Spinoza and Identity. Netherlanders and Israelis Spinoza Seminar II.

Erasmus University Rotterdam
Conference program

Sunday, June 30th 2019
Polak building 1-07, Campus Woudestein, Rotterdam

10.15 – 10.30 Opening: Prof. dr. Wiep van Bunge
10.30 – 11.25 Prof. dr. Han van Ruler: ‘Metaphysics in-between Descartes and Spinoza’.
Descartes’ Epistemological Turn and Spinoza’s Need for Formal Causes
11.30 – 12.25 Dr. Daniel Schneider: ‘Spinoza on the Conditions of the Human Condition’.
The significance of the concept ‘Homo’ in Spinoza’s conception of ‘Homo Liber’.
12.30 – 13.00 Prof. dr. Henri Krop: ‘Spinoza’s Critique of metaphysics’.

Lunch break

14.00 – 14.45 Noa Lahav: ‘Essence, Change and Necessity in Spinoza’s Ethics’.
Spinoza’s two notions of essence (individual and shared) and the ways in which they admit, or deny, the possibility of change.
14.45 – 15.30 Harmen Grootenhuis: ‘Spinoza on the individuality of universals’.
A universal essence of finite modes as the cooperative union of the essences of individual finite modes that serve as its parts.

Tea / coffee break

16.00 – 16.45 Daffi Mark: ‘Humans’ Personal identity in Spinoza’s Ethics’.
The possibility of personal identity of humans as coming into being through a process of self-unfolding
16.45 – 17.40 Ohad Nachtomy: ‘Spinoza on the Capacities of the Body and the Wonders of the Mind’.
19.00 Conference dinner

Monday, July 1st 2019
Het Spinozahuis, Spinozalaan 29 Rijnsburg

10.00 – 11.00 Visit Spinozahuis & Marc Riese: ‘Spinoza’s Library: A Probabilistic Approach to Addressing Uncertainty Issues’. (participants only)

Lunch break (Lunch for participants in Brasserie De Burgt)

Brasserie De Burgt, Burgemeester Koomansplein 1, Rijnsburg

13.00 – 13.55 Noa Naaman-Zauderer: ‘Spinoza on Human Freedoms and the Eternity of the Mind’.
Apart from the absolute freedom applied exclusively to God, two distinct notions of human freedom are at work in the Ethics, in accordance with the second and third kinds of knowledge.
14.00 – 14:55 Pooyan Tamini Arab: ‘Spinoza after Evolution: On intransigence as a middle-ground between essentialism and anti-essentialism’.

Tea / coffee break

15.30 – 16.15 Jamie van der Klaauw: ‘Government and its subjects: Spinoza’s place in political theory’.
Assessing Spinoza’s advances in light of contemporary political theory.
16.15 – 17:00 Yoram Stein: ‘Spinoza’s Identity Politics’.
The Real Task: How to Unite Less than Perfectly Rational People in Such a Way that they are Supportive and not Destructive to the Stability in the State
17.00 – 17.55 Atsuko Fukuoka: Quest of Laws of Human Psychology: Spinoza’s Method and Jurisprudence

After every paper there will be about 15 minutes of discussion.

Late 20th Century French and Italian Spinoza scholarship focused upon the concept of Power.
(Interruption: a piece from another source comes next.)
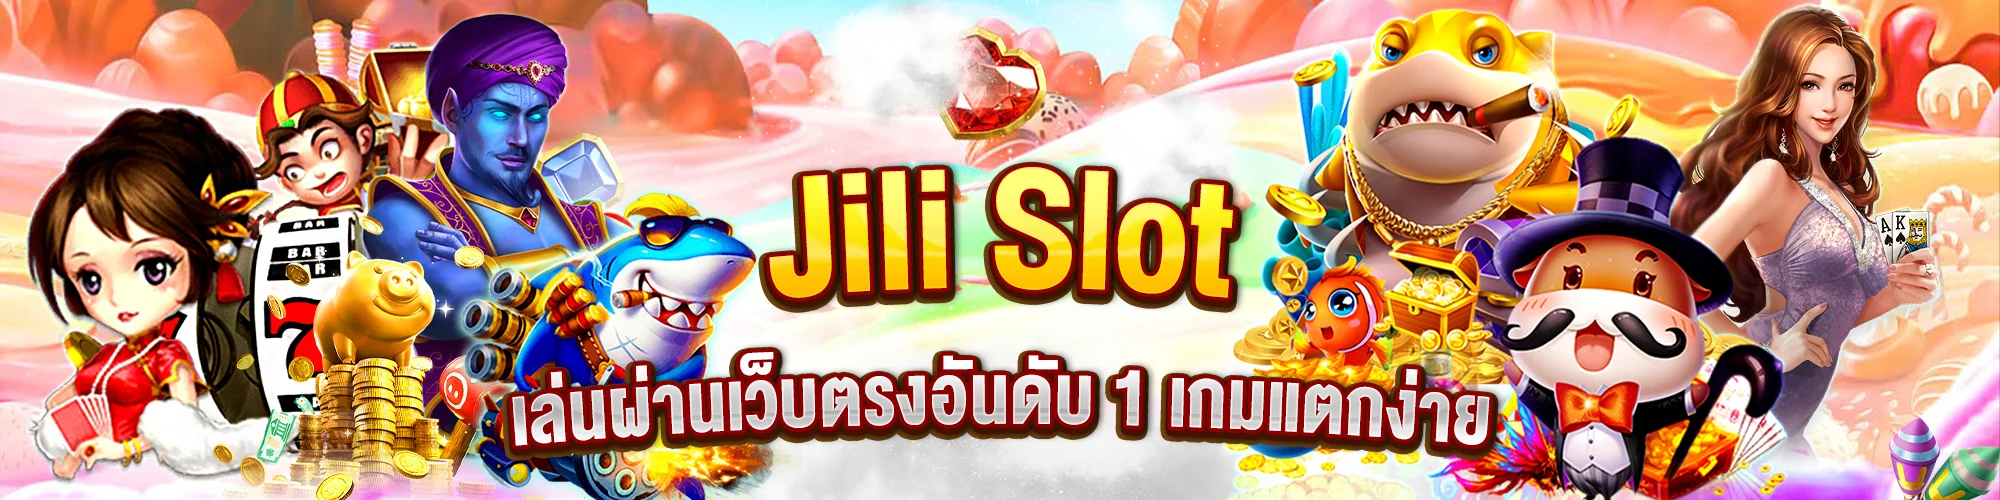 Jili Slot เล่นผ่านเว็บตรงอันดับ 1 เกมแตกง่าย เพียบ แจกโบนัสไม่อั้น

At the level of the modi there is an interplay of constantly changing power. Some commentators argue that this implies an anti-essentialism with respect to ordinary entities, such as bodies, persons, affects, virtue, communities and states. Recent Anglo and Finnish scholarship has challenged this anti-essentialist reading. In this conference we would like to address how these conflicting readings of Spinoza’s view of essences impact our understanding of Spinoza’s concept of identity in metaphysics, anthropology, and moral and political theory.